Цепочка распалась, запыхавшиеся люди принялись утолять жажду.
— А теперь — угощение! — возгласил Антоний, и по его слову команда слуг устремилась в зал, внося столы и ложа. С отрепетированной ловкостью, практически в одно мгновение, они превратили зал для торгов в трапезную. Люди с веселыми восклицаниями устраивались за столами. Прежде чем подали еду, Антоний заговорил снова.
— Празднуйте и веселитесь! Сегодня все лучшее, что есть в Александрии, послужит вашему удовольствию: яства, напитки, музыка.
Он выдержал паузу, потом продолжил:
— Давайте же будет собираться вместе и веселиться, пока это возможно. И не надо печалиться о грядущем. Вспомните эпитафию на гробнице Эпикура: «Меня не было, я был, меня нет, мне все равно». Собственно говоря, это итог пути души в вечность.
Когда Антоний занял место рядом со мной, я склонилась к нему и шепнула:
— Это слишком цинично.
— А разве ты думаешь иначе? — спросил он, энергично разжевывая фигу.
— Да, — ответила я. — Приведенное тобой высказывание постыдно. Так можно сказать не о человеке, а о диком звере.
— Я завидую зверям.
— Нет, не верю. У них нет воспоминаний.
Я подозвала одного из слуг и приказала найти и принести мне агатовую чашу. Когда приказание было выполнено, я повертела ее в руках и сказала:
— Я не готова выставить эту вещь на торги: она принадлежала моему отцу. Однако пить из нее сегодня мне представляется уместным.
Да, мой отец не терял мужества перед лицом множества бед.
— Господин, как тебе нравятся такие слова? — спросил юноша, сидевший по другую сторону от Антония. — «Почему ты не готов спокойно покинуть пир жизни, на котором ты всего лишь гость, и открыть объятия отдохновению, в коем у тебя не будет забот?»

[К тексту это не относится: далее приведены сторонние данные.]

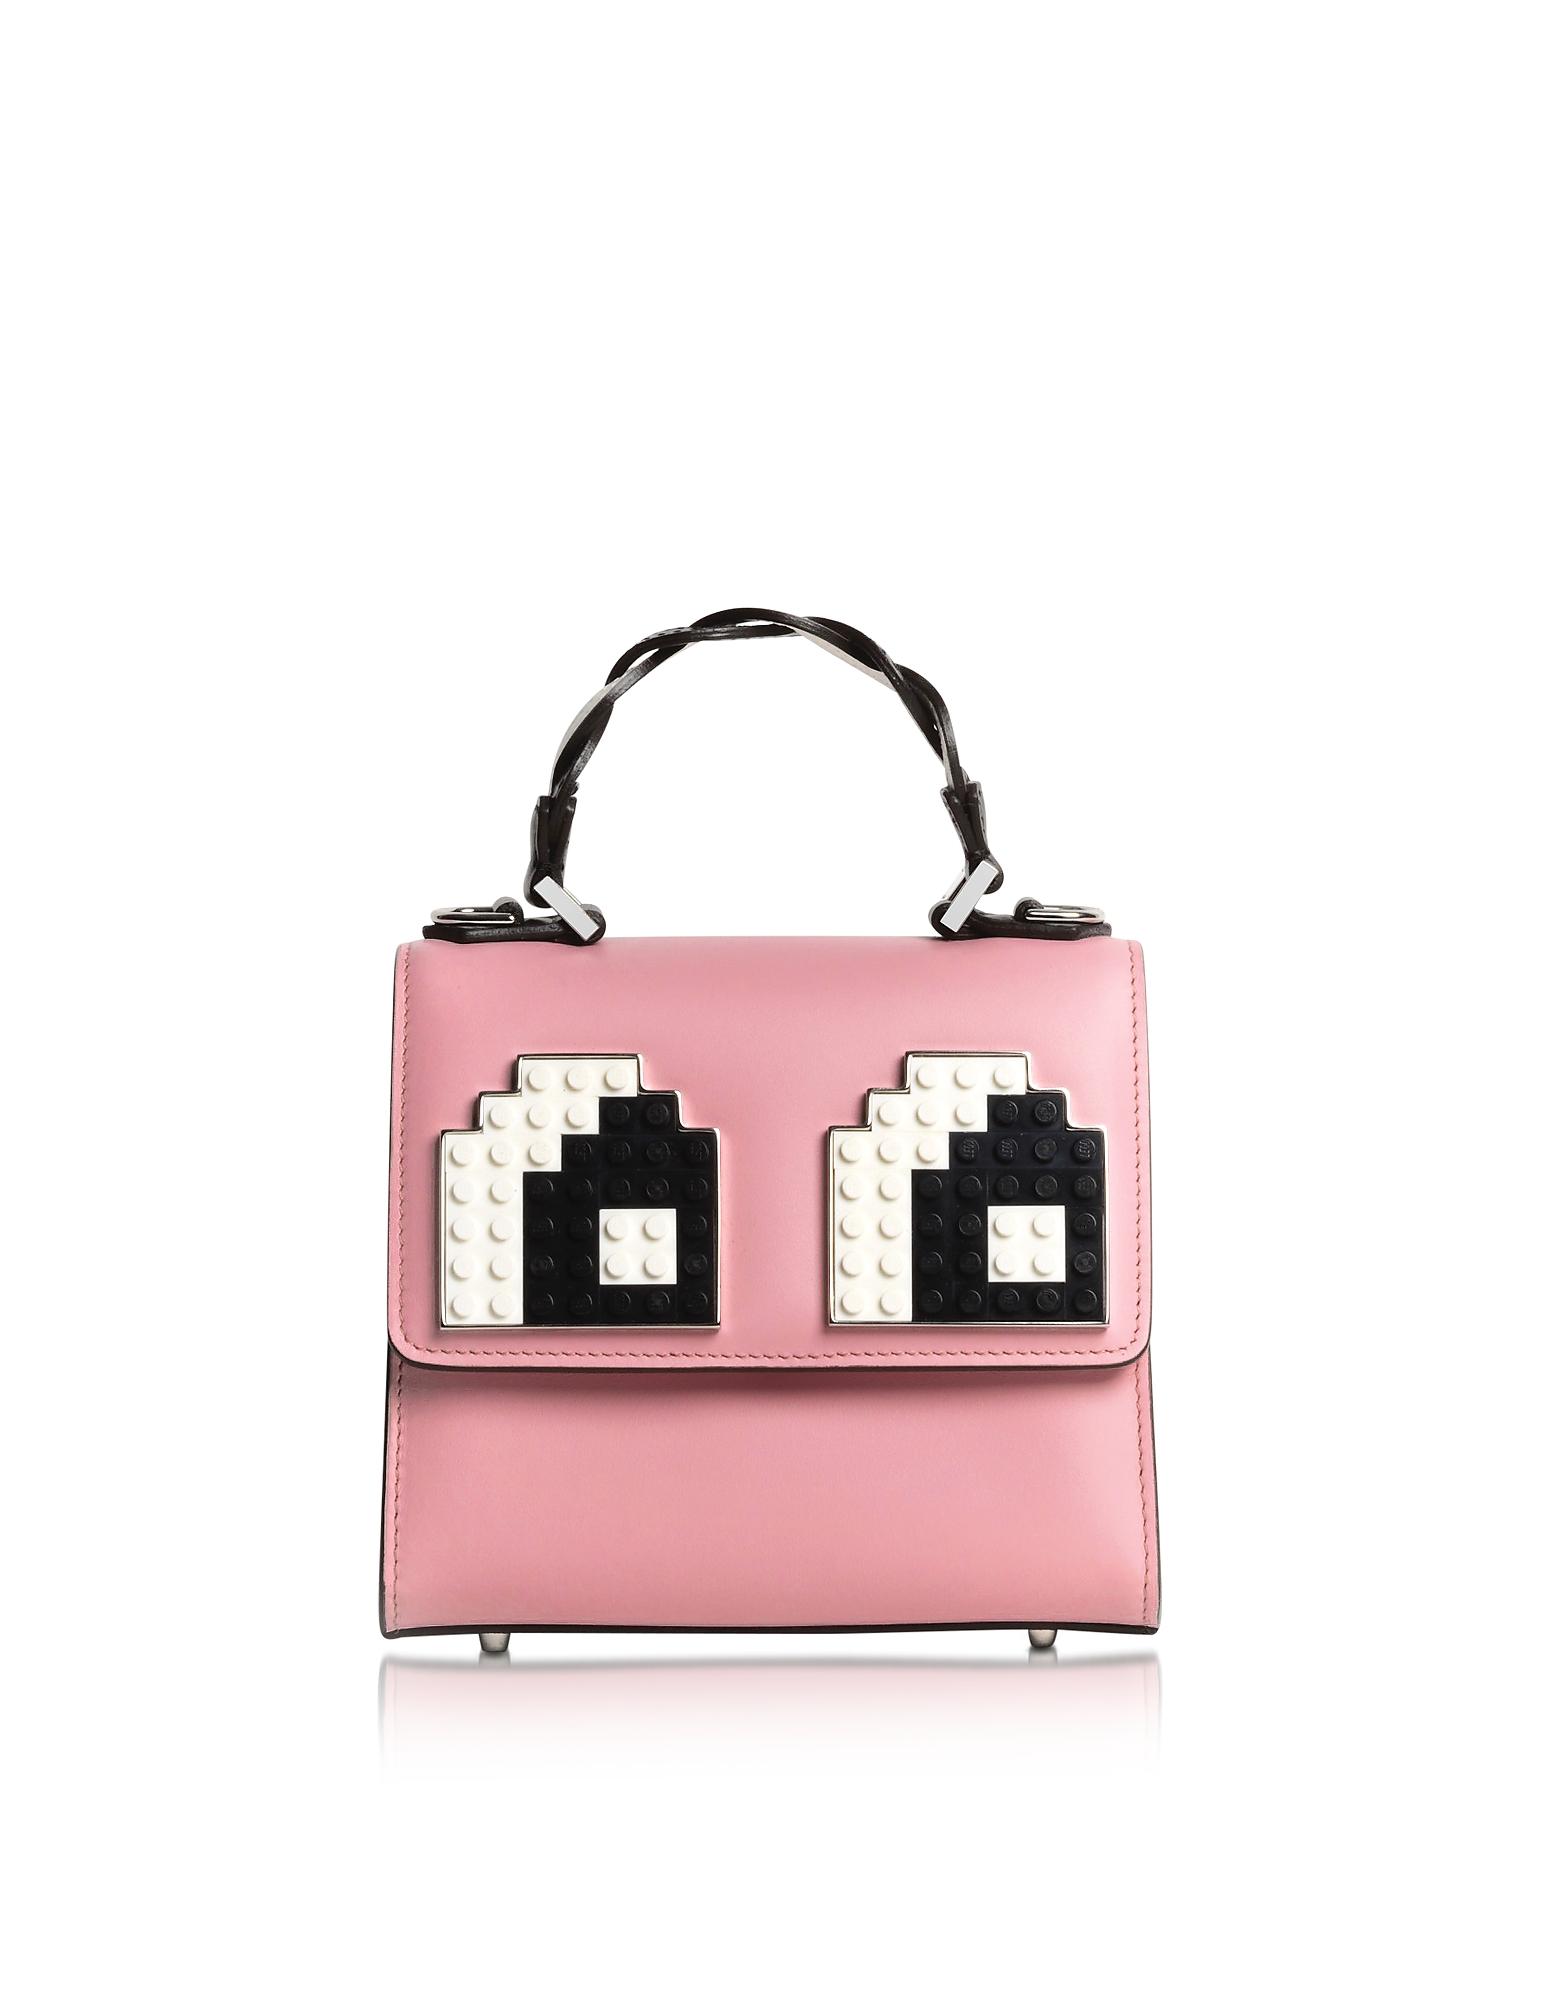 Les Petits Joueurs Handbags, Baby Alex Eyes Braid Leather Satchel Bag

— Да, да, мой мальчик, прекрасно! — Антоний похлопал его по плечу.
Он явно наслаждался этой игрой — и с чего мне вдруг понадобилось ее испортить? В любом случае, это лучше отшельничества. Но в том, что это игра, я не сомневалась, ибо Антоний никак не обнаруживал своего истинного духовного состояния. В сущности, он был актером до мозга костей, всегда скрывавшим свою истинную суть под личиной. Хоть сегодня он и продал с торгов и трагическую, и комическую маски, для себя он наверняка оставил в запасе еще что-то.
Застольная беседа, судя по долетавшим до меня обрывкам фраз, приобрела философский уклон: гости обильно уснащали свою речь цитатами. Как это хитроумно, как по-александрийски!

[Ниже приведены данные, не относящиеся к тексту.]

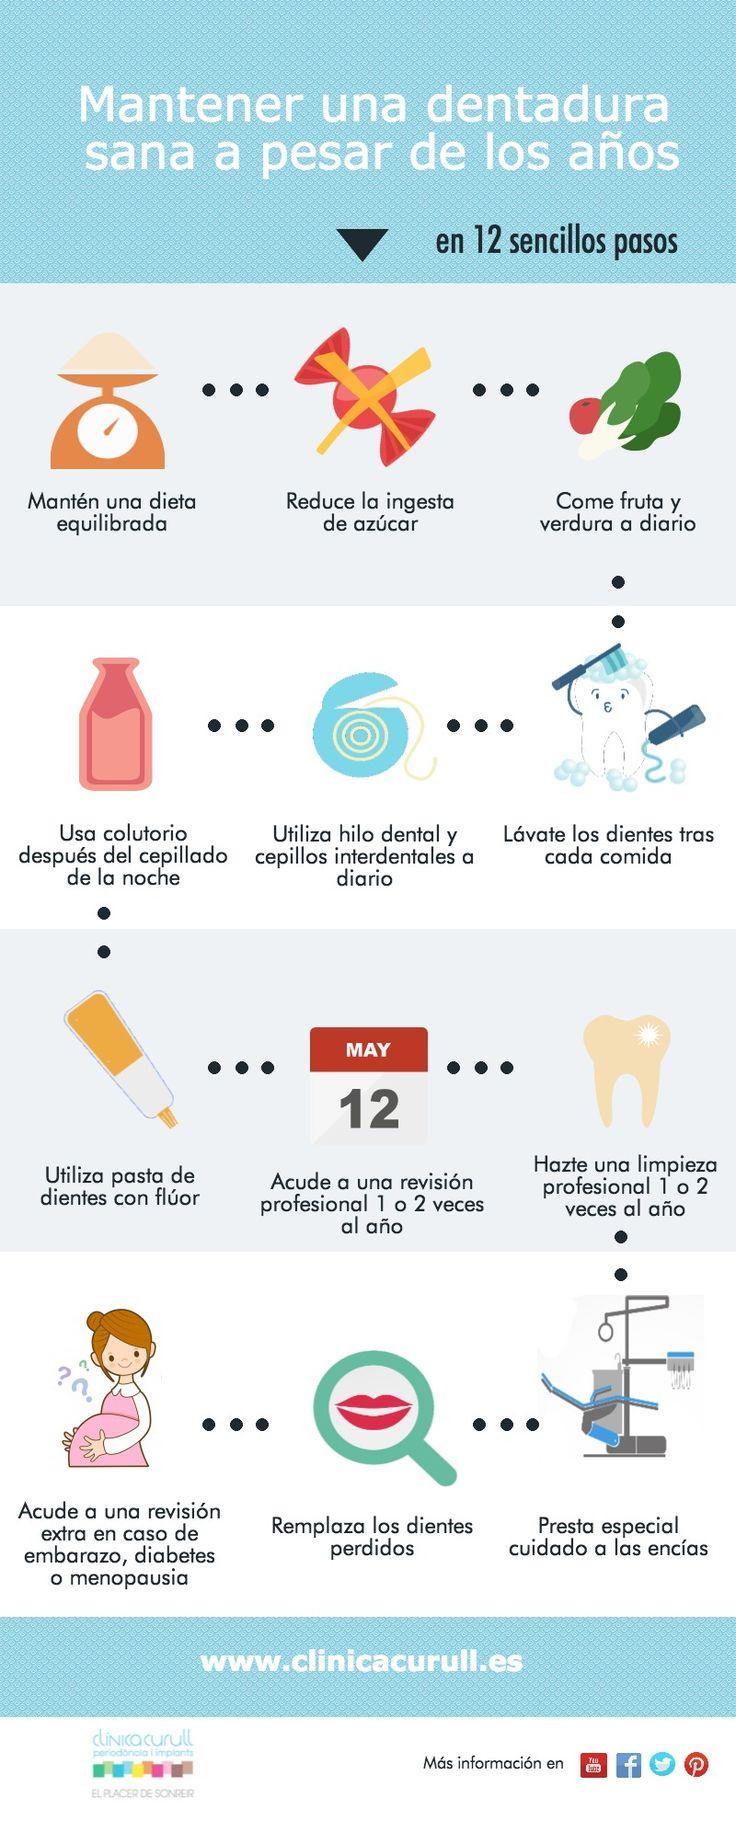 Consejos para mantener una dentadura sana.  #BocaSana #SaludBucal #EstéticaDental www.clinicacurull.com/

Я потягивала вино из агатовой чаши, почти не принимая участия в разговоре. Редкостные дары садов, моря и полей остались на моей тарелке нетронутыми.
Зато Гадес ел с аппетитом. Для тени он был весьма плотным.

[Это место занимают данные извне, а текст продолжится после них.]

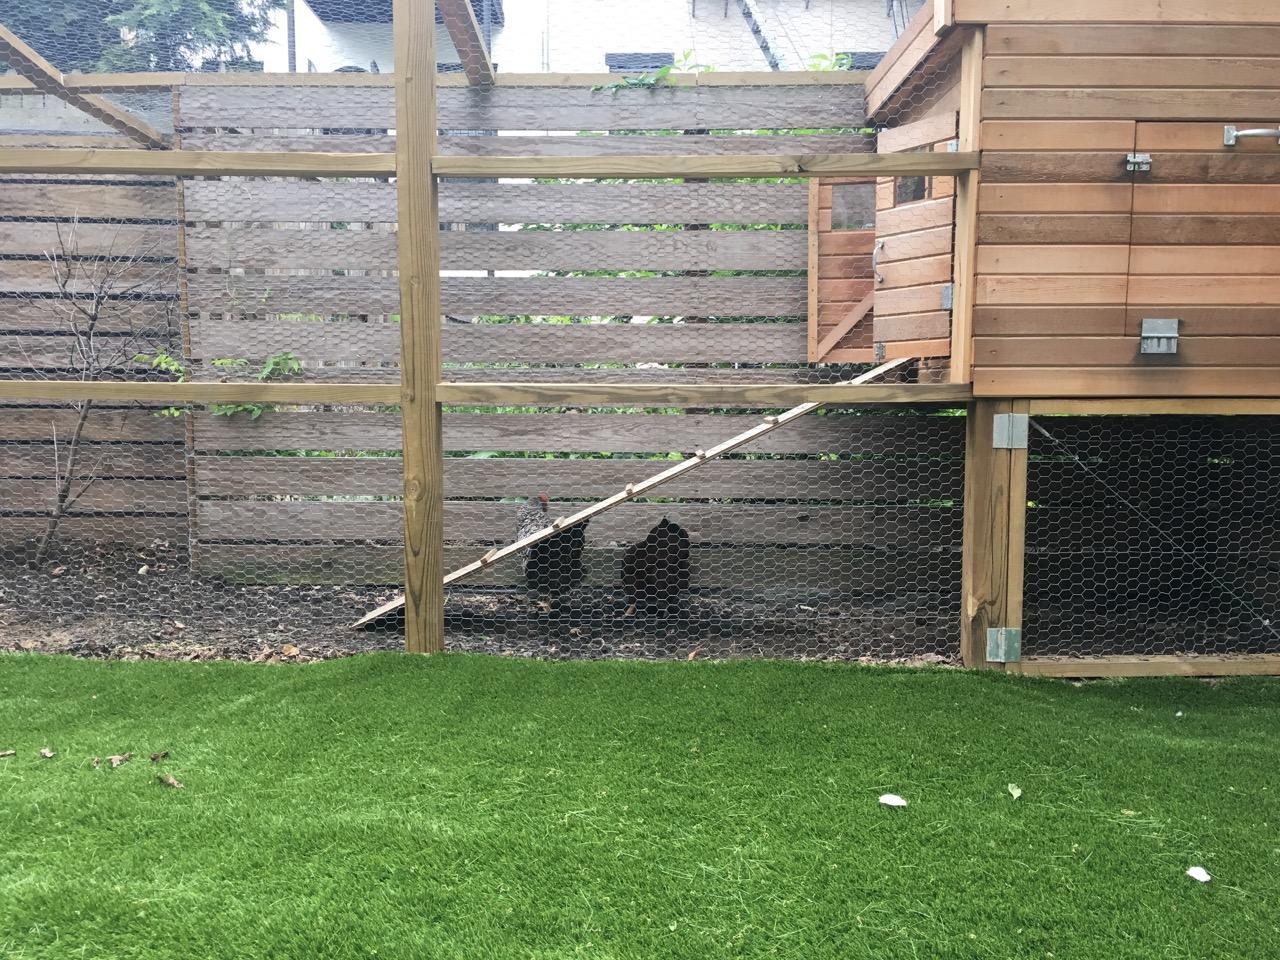 chicken-coop-backyard-brooklyn-garden-by-edible-petals-brooklyn-3.jpg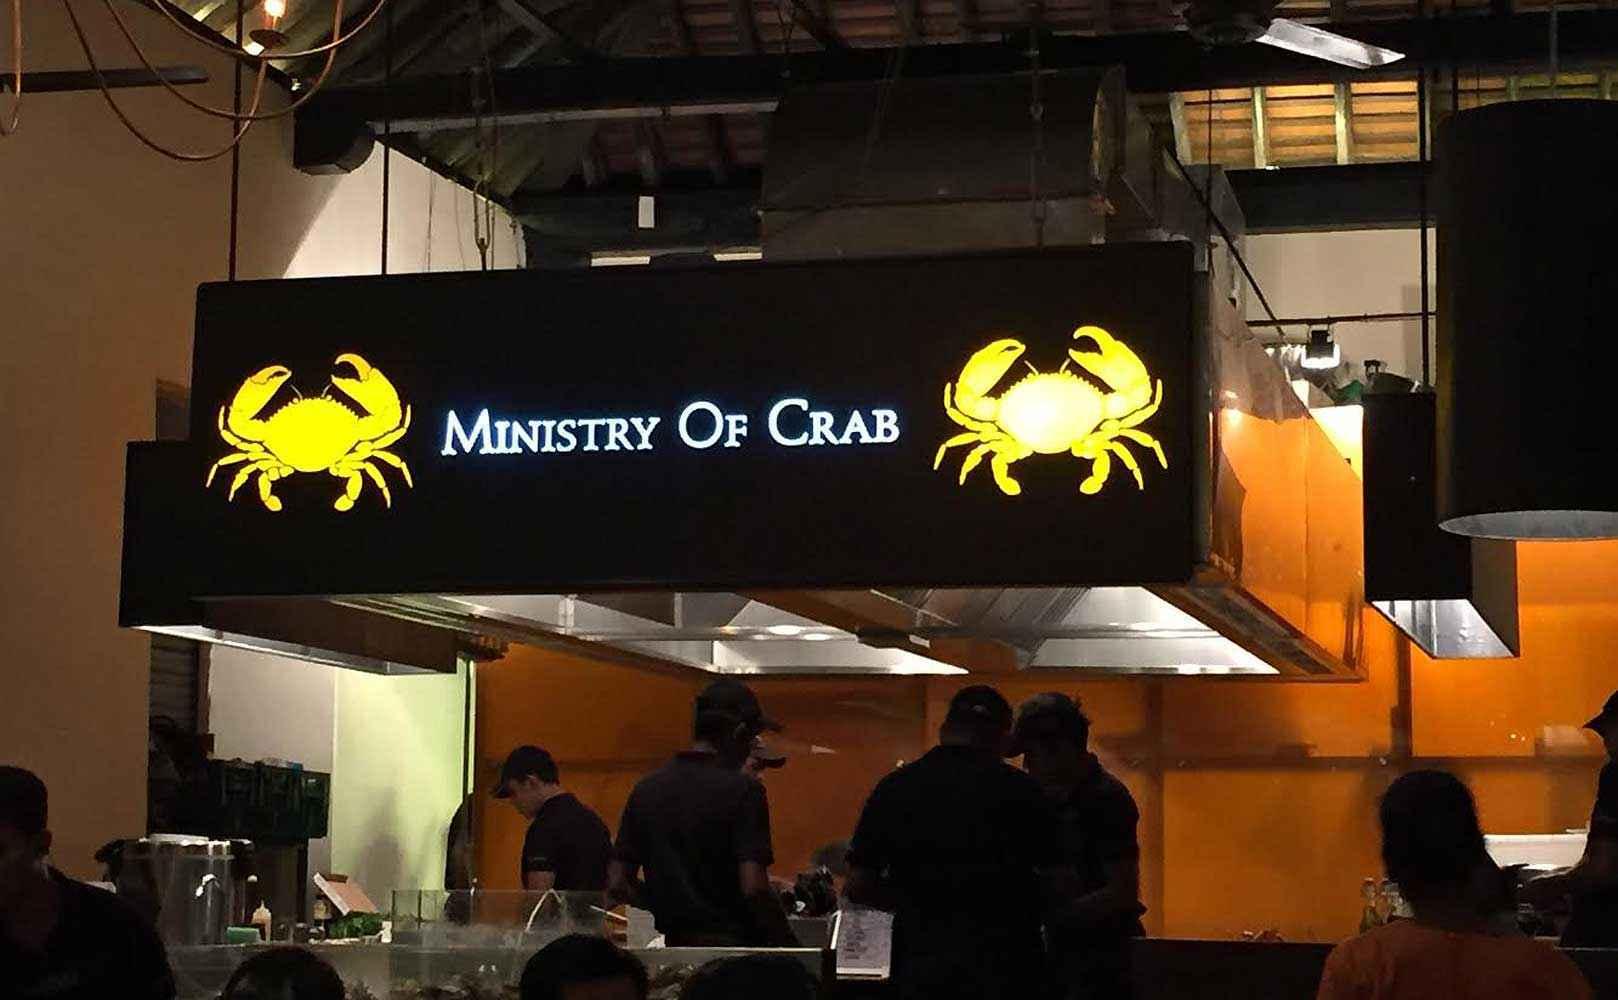 Go to Restaurantkritik: Ministry of Crab in 4, Old Dutch Hospital, Colombo 01, Sri Lanka

Поздно ночью, готовясь ко сну, я сложила мои украшения около множества флакончиков с благовониями, чтобы Ирас убрала все это поутру, потом сняла увядшую цветочную корону и лишь после этого обратилась к Антонию.
— Ты превзошел самого себя. Должна признаться, ничего подобного я не ожидала.
«Слишком уж причудливо получилось», — добавила я мысленно.
Хотелось верить, что люди не сочли его безумцем. Впрочем, большинство с удовольствием к нему присоединилось. Может, они все безумны? Говорят, в последние дни перед концом людям присущи странные формы группового помешательства.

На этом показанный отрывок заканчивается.